Similarly, instrumenting equipment in factories and continuously improving performance has enormous potential for reduced waste, increased efficiency and reduced risk for the people working in these factories. Who is responsible for waste, reduced efficiency and accidents due to factories not incorporating these digital technologies?

And do we even have to raise healthcare in this context? If there is one industry where hardworking and incredibly well-intended people are overburdened by administrative and regulatory overhead it is healthcare. According to one study I found, about 25% of all cost in healthcare are due to this overhead. The expanded use of digital technologies on the administrative side and even more on the diagnosis and treatment side of healthcare would save or at least extend millions of lives. Who do we blame for all the people that die prematurely or live lives with severely reduced quality due to the slow adoption of new technology?

Many describe me as a hard-core modernist who simply believes that technology can do no harm. Of course, I am not that naive. Technologies ranging from dynamite to face recognition software can be used for bad purposes. However, the vast majority of technology uses is positive for humankind.

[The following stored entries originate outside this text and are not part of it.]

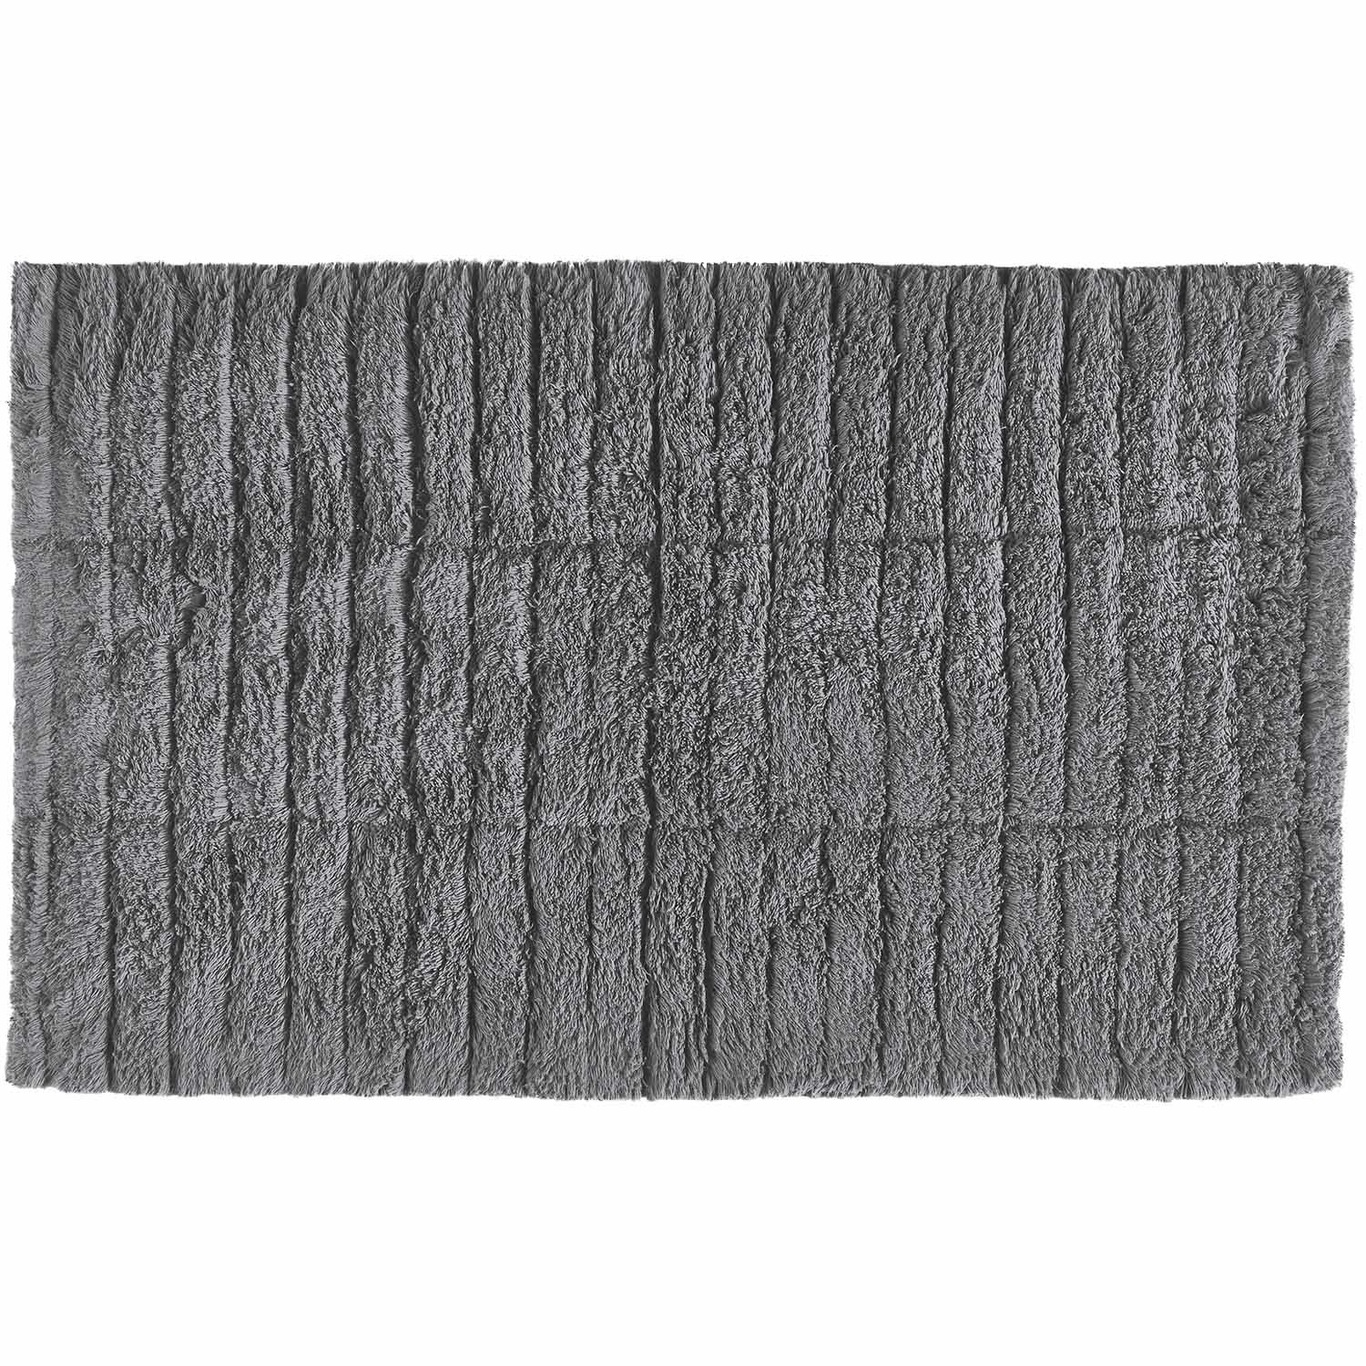 Tiles Bathroom Rug 50x80 cm, Grey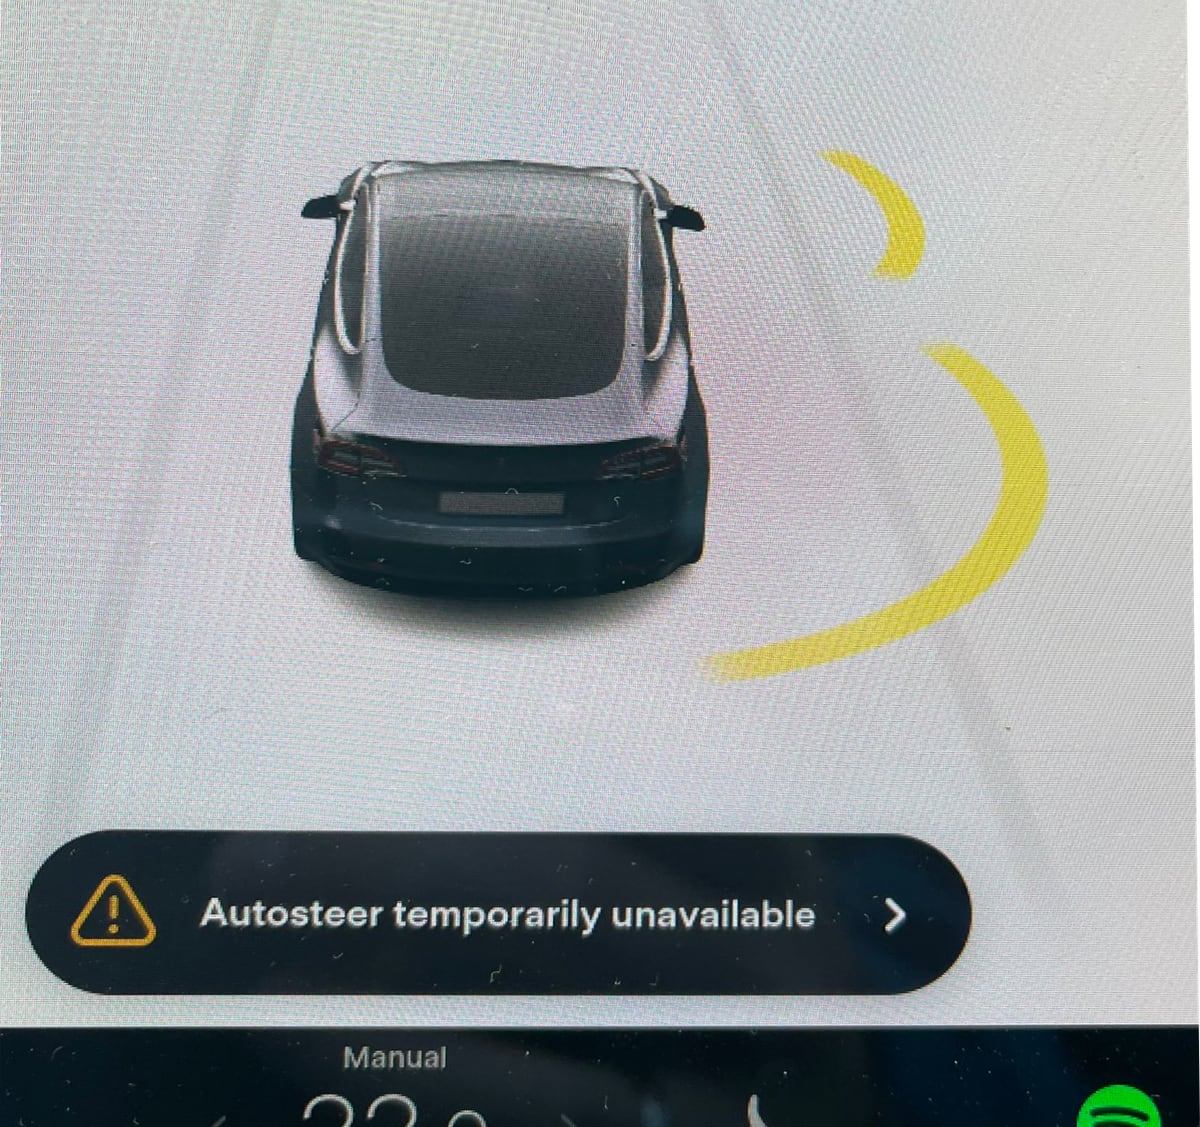 Tesla Vehicle Alerts feature in update 2022.28.2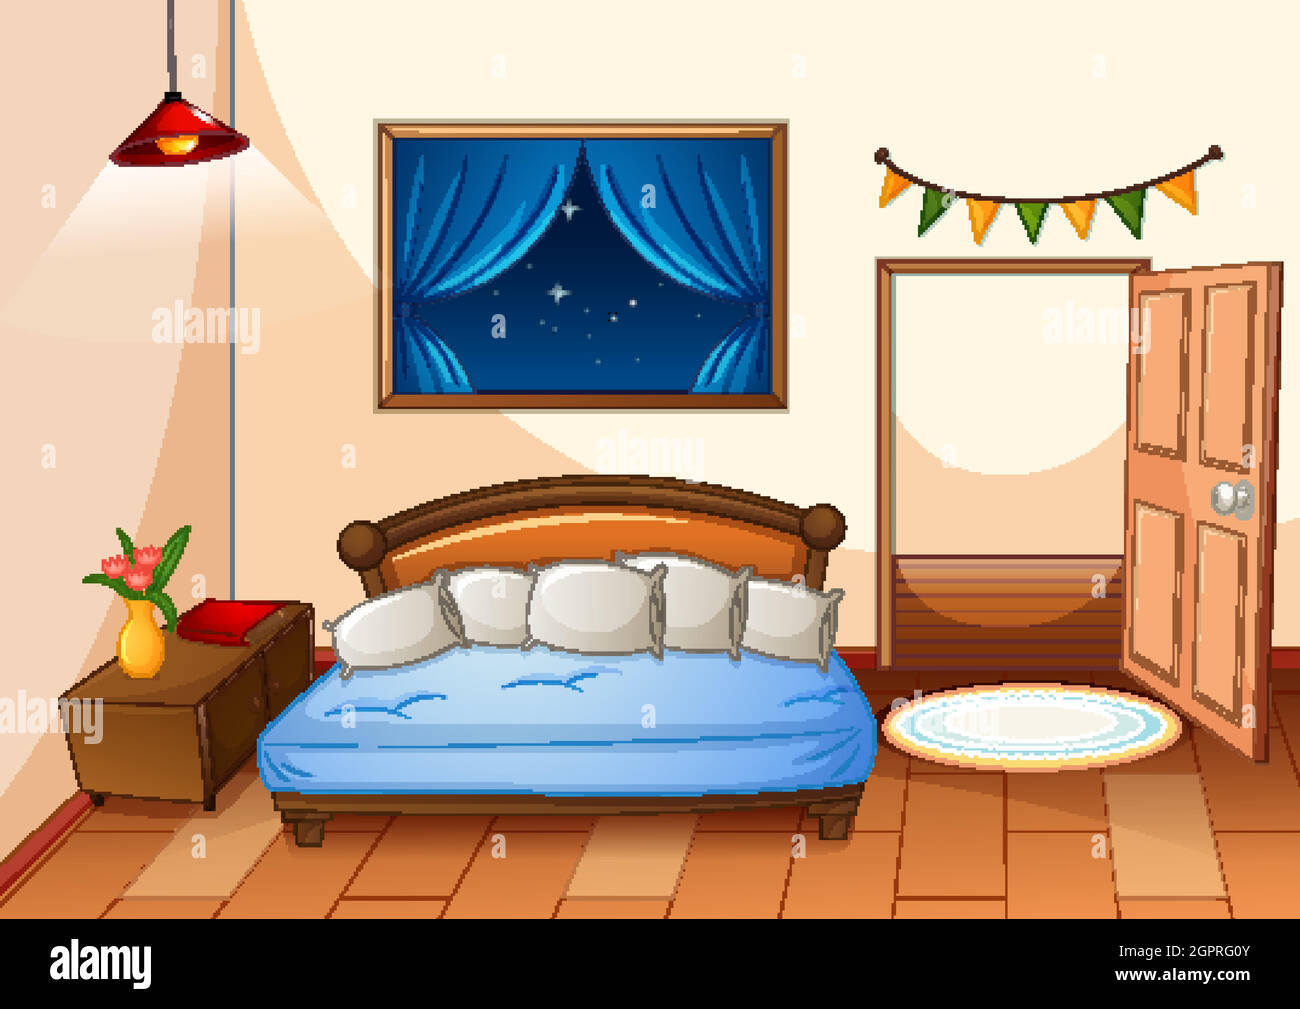 Bedroom cartoon style at night scene Stock Vector

From the adoption of agriculture, the industrial revolution, the computer revolution, big data and now the AI revolution, every time we bring a new technology to bear, the benefits for humanity are immense. Of course, it brings change and disruption, but we end up in a better place. Virtually all of us work so hard on these things to make sure that our children have a better life than what we have and technology, and currently especially digital technology, is the most promising avenue for progress.

For all the attempts at regulation, history teaches us that humans suck at predicting the impact of new technologies. So, we are regulating the wrong things and are unnecessarily slowing down technology progress. On the other hand, humans excel at responding to challenges that materialize. Once a threat is real, we take care of things swiftly and effectively. So, rather than trying to dream up a host of nightmare scenarios, let’s work on adopting the technologies as rapidly as possible and then fixing the places where things go off the rails.

Concluding, I see a reversal of the pendulum and many companies, as well as society at large, moving away from or at least slowing down the adoption of digital technologies. The regulatory burden and public opinion concerning new technology is so challenging that many companies, especially in Europe, are slowing down innovation and we are stuck in a status quo that is maintained as long as possible in a, seemingly evil, pact between regulators, e.g. the EU, and incumbents who use this to reduce competitive pressures. I am, at heart, a positive and constructive person, but I am really worried and concerned about these developments. My ask to you is to do what you can, in your circles of control and influence, to change things for the better. As Nelson Mandela said, it is in your hands to make a difference.